生成对抗网络¶
生成对抗网络(Generative Adversarial Networks, GAN)是一种生成模型,它由两个神经网络组成:生成器(Generator)和判别器(Discriminator)。生成网络的目标是从样本空间$\mathcal X$中生成尽可能逼真的样本$\mathbb P_g$,而判别网络的目标是尽可能准确地区分真实样本的分布$\mathbb P$和生成样本的分布$\mathbb P_g$。两个网络的训练目标相互对抗,在对抗训练中,生成器可以学习到如何从随机噪声中重建样本。
在生成器的实现中,通常采取隐变量模型的方法,即从一个简单的分布中采样隐变量$z$,然后通过生成器$g$生成样本$x$,即$x = g(z; \theta_g)$。
设$P, Q$为两个概率分布(的概率密度),它们的差异可以通过Kullback–Leibler散度来衡量:
$$ \text{KL}(P\Vert Q) = \int P(x) \log \frac{P(x)}{Q(x)} \mathrm dx $$
KL散度不是对称的,通常使用Jensen-Shannon散度来衡量$P, Q$两个分布之间的距离:
$$ \begin{aligned} \text{JS}(P\Vert Q) &= \text{KL}\left(P\middle\Vert \frac{P+Q}{2}\right) + \text{KL}\left(Q\middle\Vert \frac{P+Q}{2}\right) \\ &= \int P(x) \log \frac{2P(x)}{P(x) + Q(x)} \mathrm dx + \int Q(x) \log \frac{2Q(x)}{P(x) + Q(x)} \mathrm dx \\ &= \mathbb E_{x\sim P} \log \frac{2P(x)}{P(x) + Q(x)} + \mathbb E_{x\sim Q} \log \frac{2Q(x)}{P(x) + Q(x)} \\ &= \mathbb E_{x\sim P} \log \frac{2P(x)}{P(x) + Q(x)} + \mathbb E_{x\sim Q} \log \left(2 - \frac{2P(x)}{P(x) + Q(x)}\right) \end{aligned} $$
判别器$D$是一个二分类器$d(x; \theta_d): \mathcal X \rightarrow [0, 1]$,输出$x$来自于真实样本的概率$P(x\sim \mathbb P \mid x)$。
$$ \begin{aligned} d(x) &= P(x\sim \mathbb P \mid x) \\ &= \frac{P(x\sim \mathbb P, x)}{P(x)} \\ &= \frac{P(x\sim \mathbb P, x)}{P(x\sim \mathbb P, x) + P(x\sim \mathbb P_g, x)} \\ &= \frac{\mathbb P(x)}{\mathbb P(x) + \mathbb P_g(x)} \end{aligned} $$
与$\text{JS}$散度具有相同的形式:
$$ \begin{aligned} \text{JS}(\mathbb P\Vert \mathbb P_g) &= \mathbb E_{x\sim \mathbb P} \log 2d(x; \theta_d) + \mathbb E_{x\sim \mathbb P_g} \log 2(1 - d(x; \theta_d)) \\ &= \log 4 + \mathbb E_{x\sim \mathbb P} \log d(x; \theta_d) + \mathbb E_{x\sim \mathbb P_g} \log (1 - d(x; \theta_d)) \end{aligned} $$
判别器的目标是尽可能区分两个分布,即最大化$\text{JS}(\mathbb P\Vert \mathbb P_g)$,即
$$ L(\theta_d, \theta_g) = -y \log d(x; \theta_d) - (1 - y) \log (1 - d(x; \theta_d)) $$
当$x$来自于真实样本时,$y=1$;当$x$来自于生成样本时,$y=0$。
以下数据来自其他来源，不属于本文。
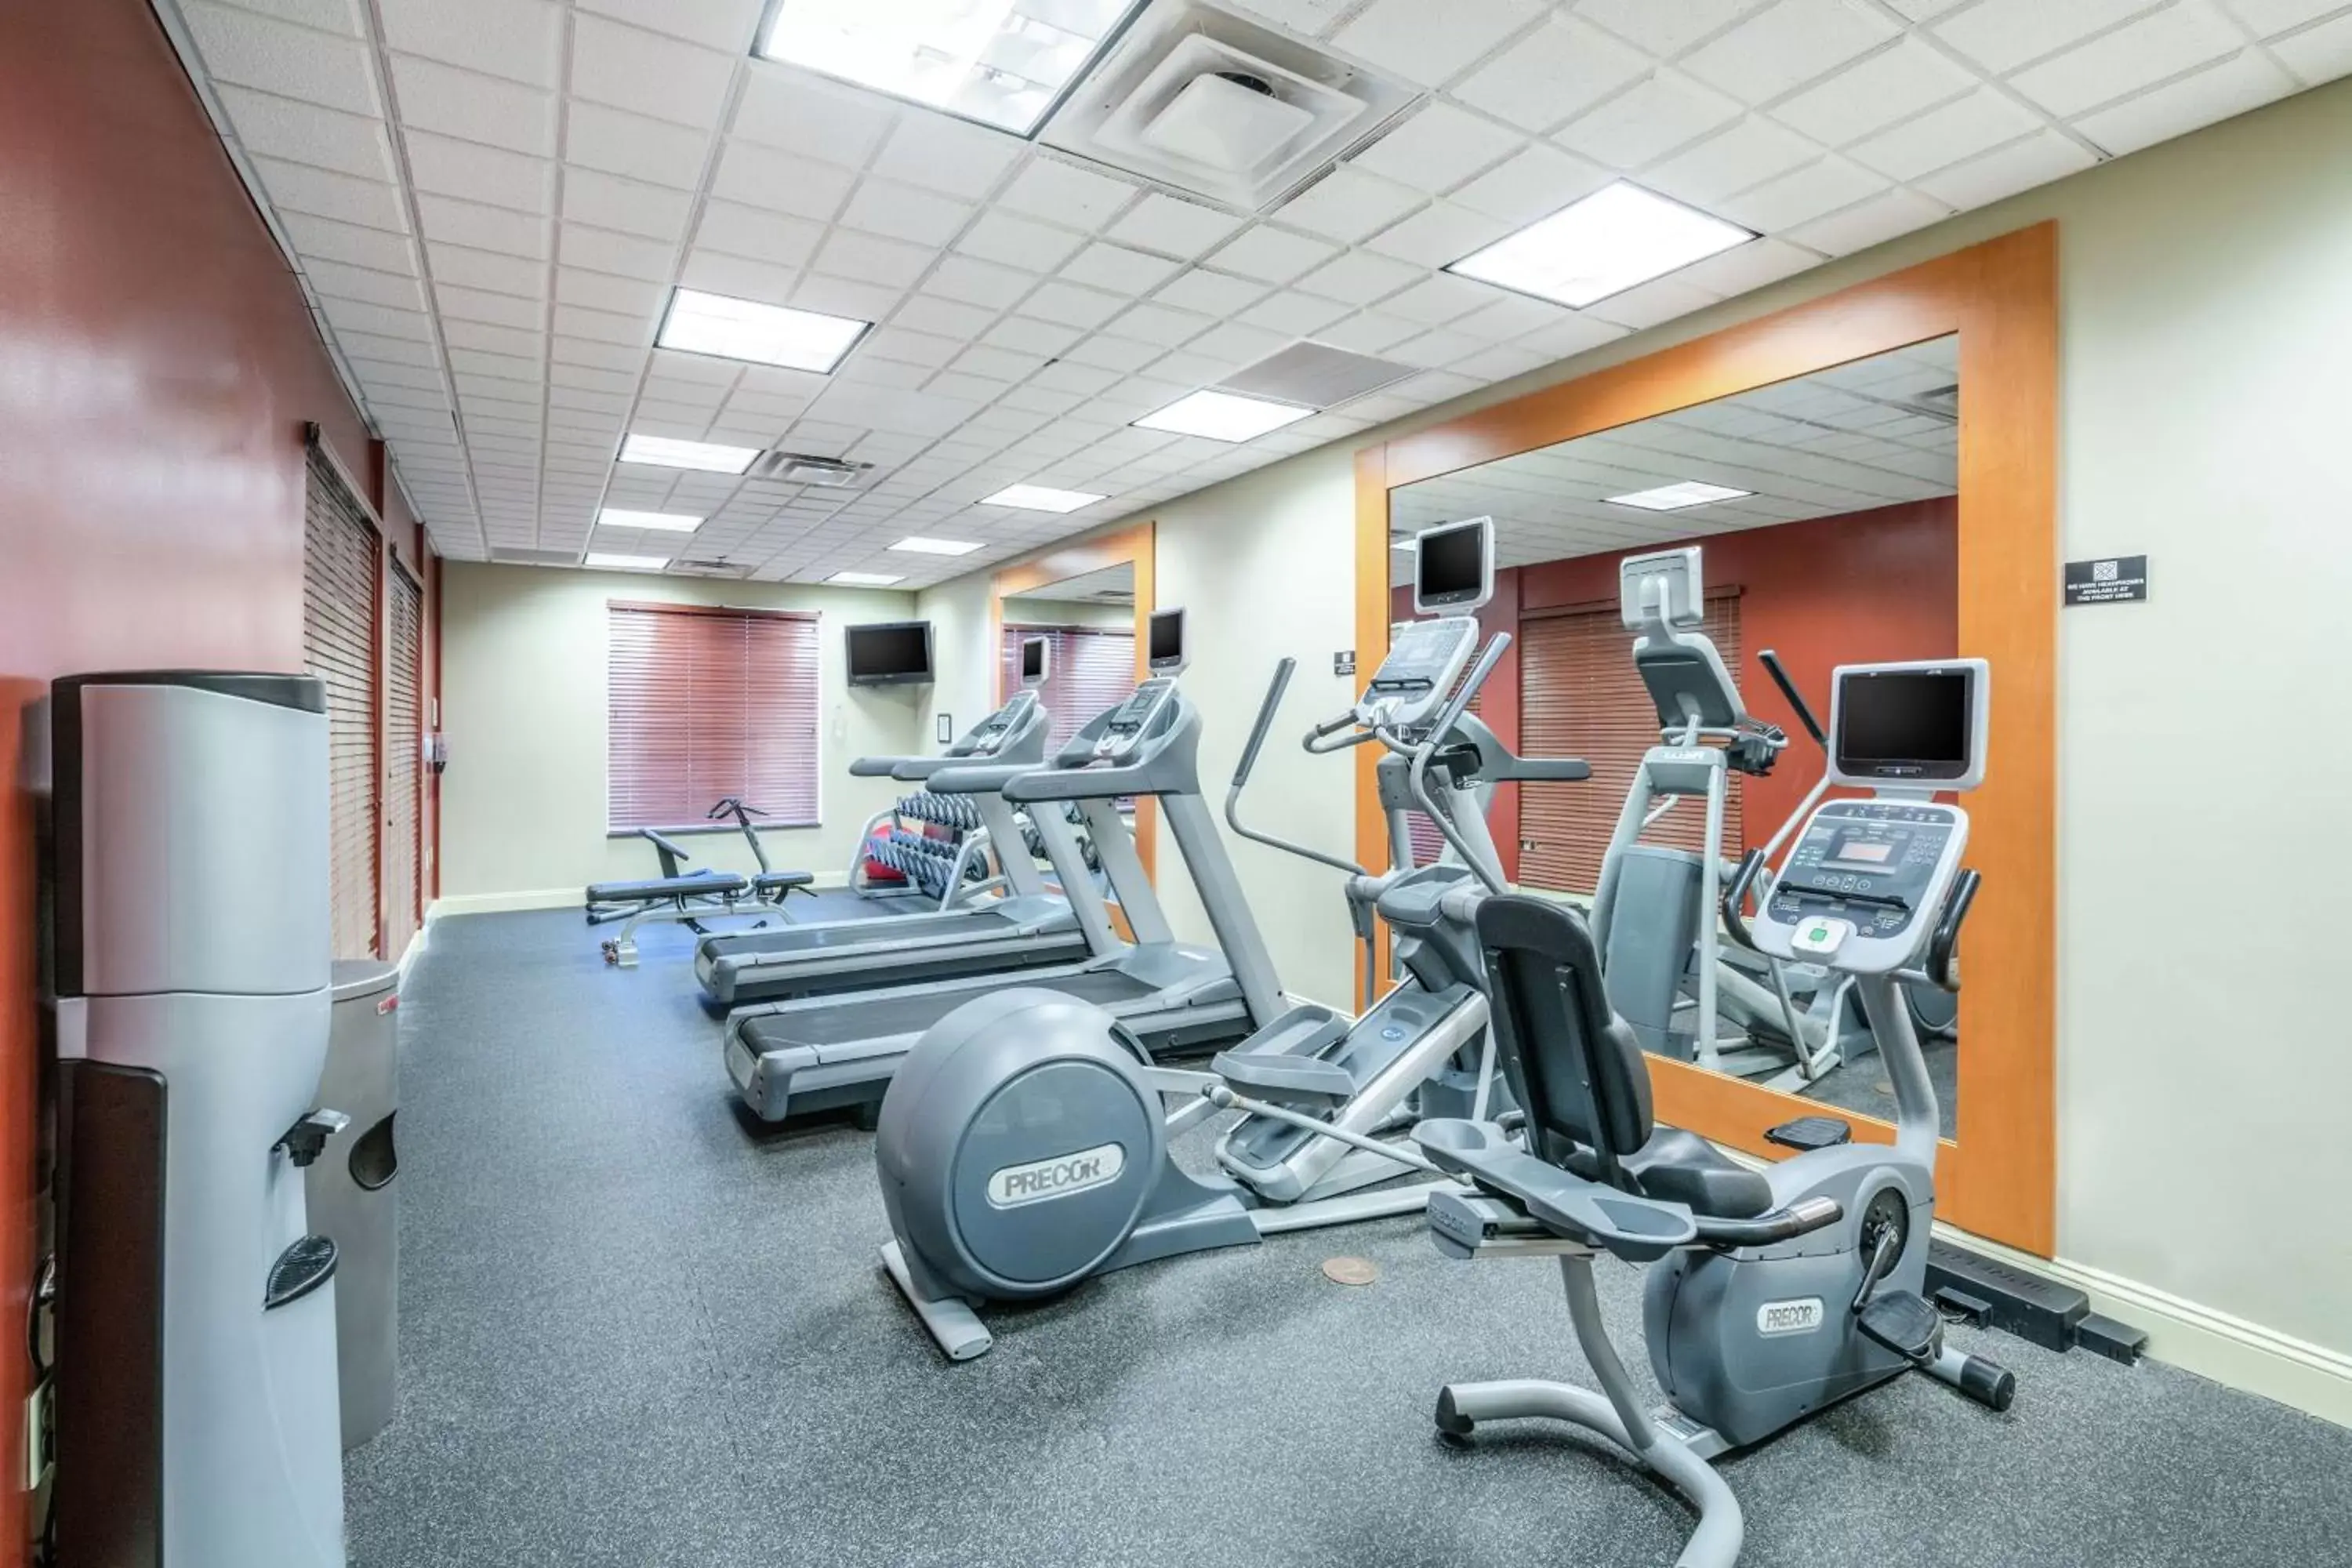 Fitness centre/facilities, Fitness Center/Facilities in Hilton Garden Inn Richmond Airport

相对地,生成器的分布$\mathbb P_g$来自于对隐变量$z$的变换$x = g(z; \theta_g)$,其优化目标是最小化$\text{JS}(\mathbb P\Vert \mathbb P_g)$。总体的优化目标可以写作:
$$ \max_{\theta_g} \min_{\theta_d} L(\theta_d, \theta_g) \triangleq - \log d(x; \theta_d) - \log (1 - d(g(z; \theta_g); \theta_d)) $$
在现实优化中,生成器往往不是优化$L_g(\theta_g) = \log (1 - d(g(z; \theta_g); \theta_d))$,而是优化
$$ L_g(\theta_g) = -\log d(g(z; \theta_g); \theta_d) $$
在每一步迭代中,先通过多步迭代优化判别器,然后再优化生成器。在优化模型的一个部分时,需要固定另一个部分的参数。
import torch
import torchvision
from torch.utils.data import DataLoader
# SVG output
%config InlineBackend.figure_format = 'svg'
# Fix for certificate error
# https://stackoverflow.com/questions/71263622
import ssl
ssl._create_default_https_context = ssl._create_unverified_context
导入MNIST数据集,使用生成对抗网络生成手写数字图片。
train_dataset = torchvision.datasets.MNIST(
train=True, root='data',
transform=torchvision.transforms.ToTensor(), download=True
)
train_loader = DataLoader(train_dataset, batch_size=512, shuffle=True)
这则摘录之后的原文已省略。